Home >News >India >World Bank projects Indian economy to contract 3.2% in FY21

The World Bank on Monday projected India’s economy to contract 3.2% in FY21 as stringent measures to restrict the spread of the coronavirus pandemic have heavily curtailed activity in Asia’s third largest economy.

In its Global Economic Prospects report, World Bank said the contraction will largely materialize in the year to 31 March and the Indian economy will recover to grow at 3.1% in the following year.

“Spillovers from contracting global growth and balance sheet stress in the financial sector will also adversely impact activity, despite some support from fiscal stimulus and continued monetary policy easing," it added. The multilateral lending institution took note of measures taken by the government, including spending on health care to bolster the covid-19 response, wage support, in-kind and cash transfers to lower-income households, deferral of tax payments, as well as loan and liquidity support for small businesses and financial institutions.

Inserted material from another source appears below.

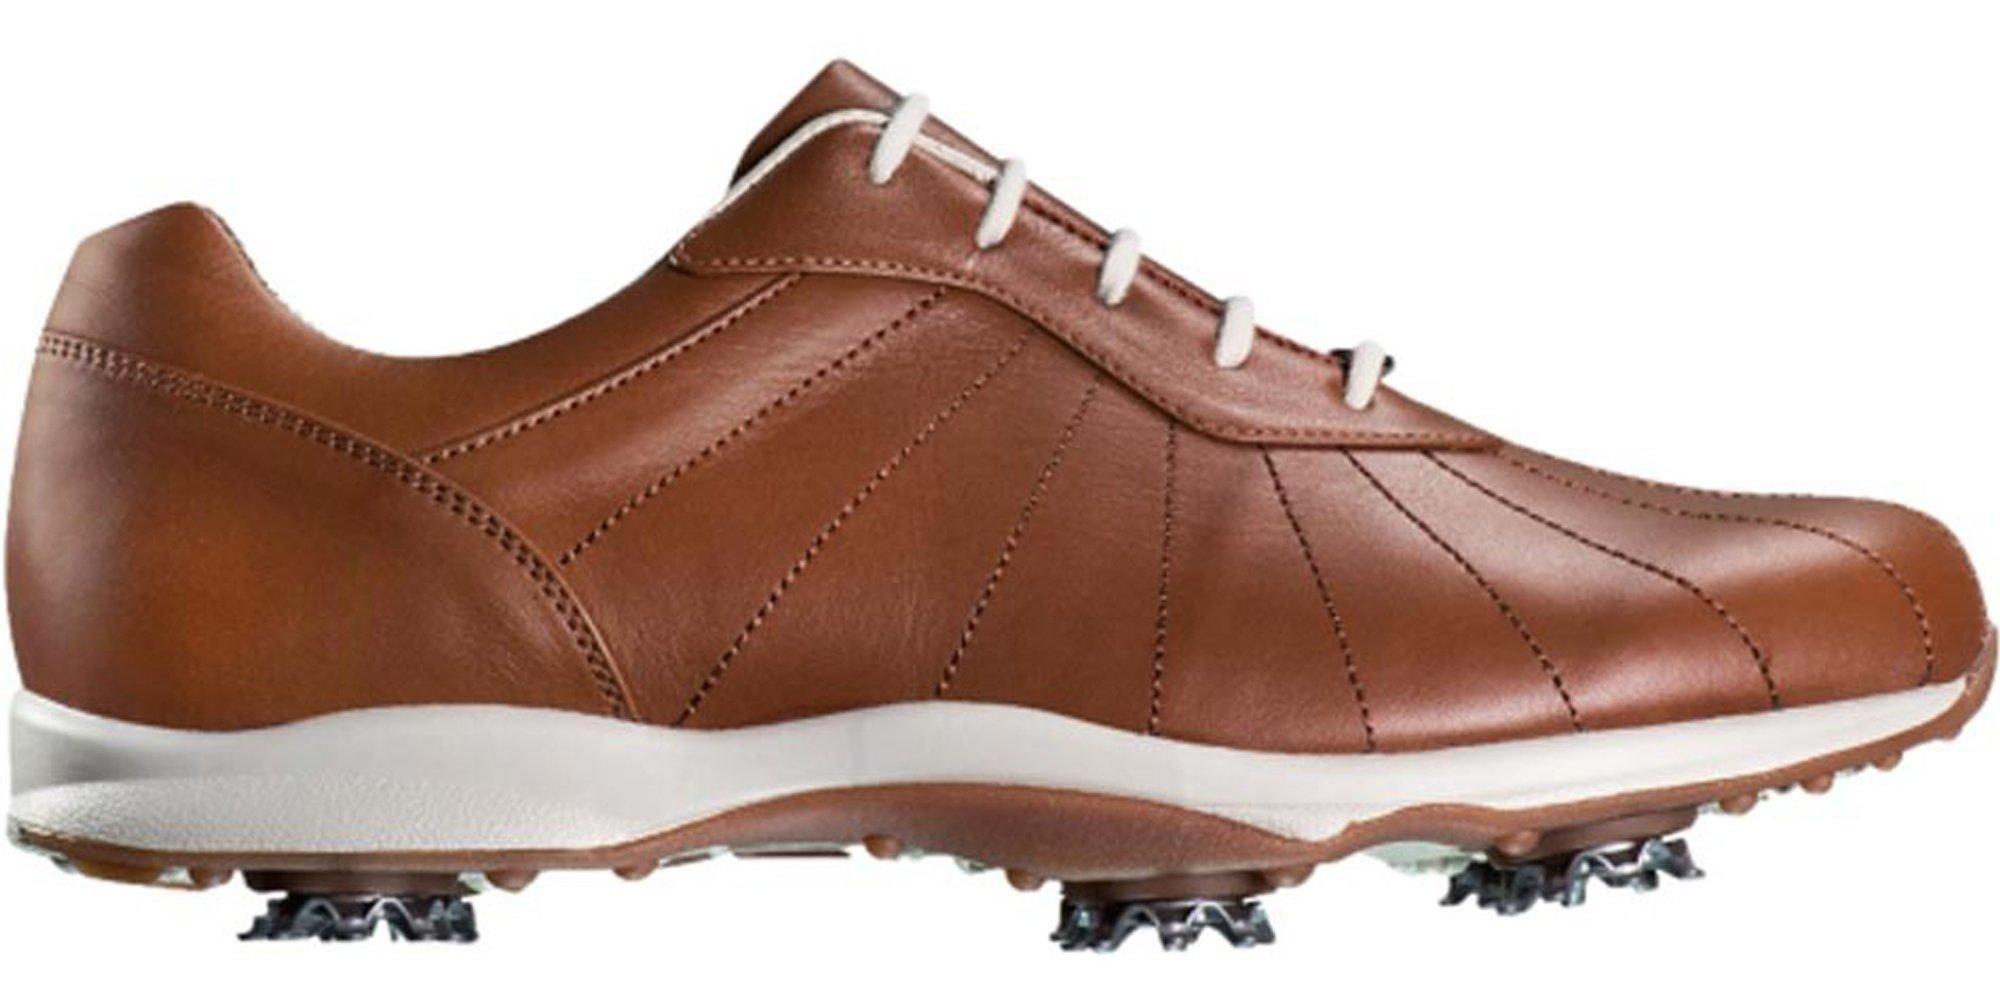 FootJoy Ladies emBODY Golf Shoes Caramelo 7 Medium Closeout

Most professional forecasters including Fitch, S&P, Goldman Sachs and UBS have projected the Indian economy to contract at least by 5% in FY21. India significantly reopened its economy on Monday with resumption of operations at shopping malls, hotels and restaurants under the first phase of the end of the prolonged lockdown that began on 25 March. However, this comes at a time the country has seen a spike in coronavirus cases. India has surpassed Spain to the fifth spot among nations worst affected by the pandemic.

The World Bank said the swift and massive shock of the coronavirus pandemic and shutdown measures to contain it will lead to a contraction of the global economy by 5.2% in 2020. “This is a deeply sobering outlook, with the crisis likely to leave long-lasting scars and pose major global challenges," said Ceyla Pazarbasioglu, vice president for equitable growth, finance and institutions at World Bank Group. “Our first order of business is to address the global health and economic emergency. Beyond that, the global community must unite to find ways to rebuild as robust a recovery as possible to prevent more people from falling into poverty and unemployment."

Under the baseline forecast—which assumes that the pandemic will recede sufficiently to allow the lifting of domestic mitigation measures by mid-year in advanced economies and a bit later in emerging market and developing economies (EMDEs) — global growth is forecast to rebound to 4.2% in 2021, as advanced economies grow 3.9% and EMDEs bounce back by 4.6%.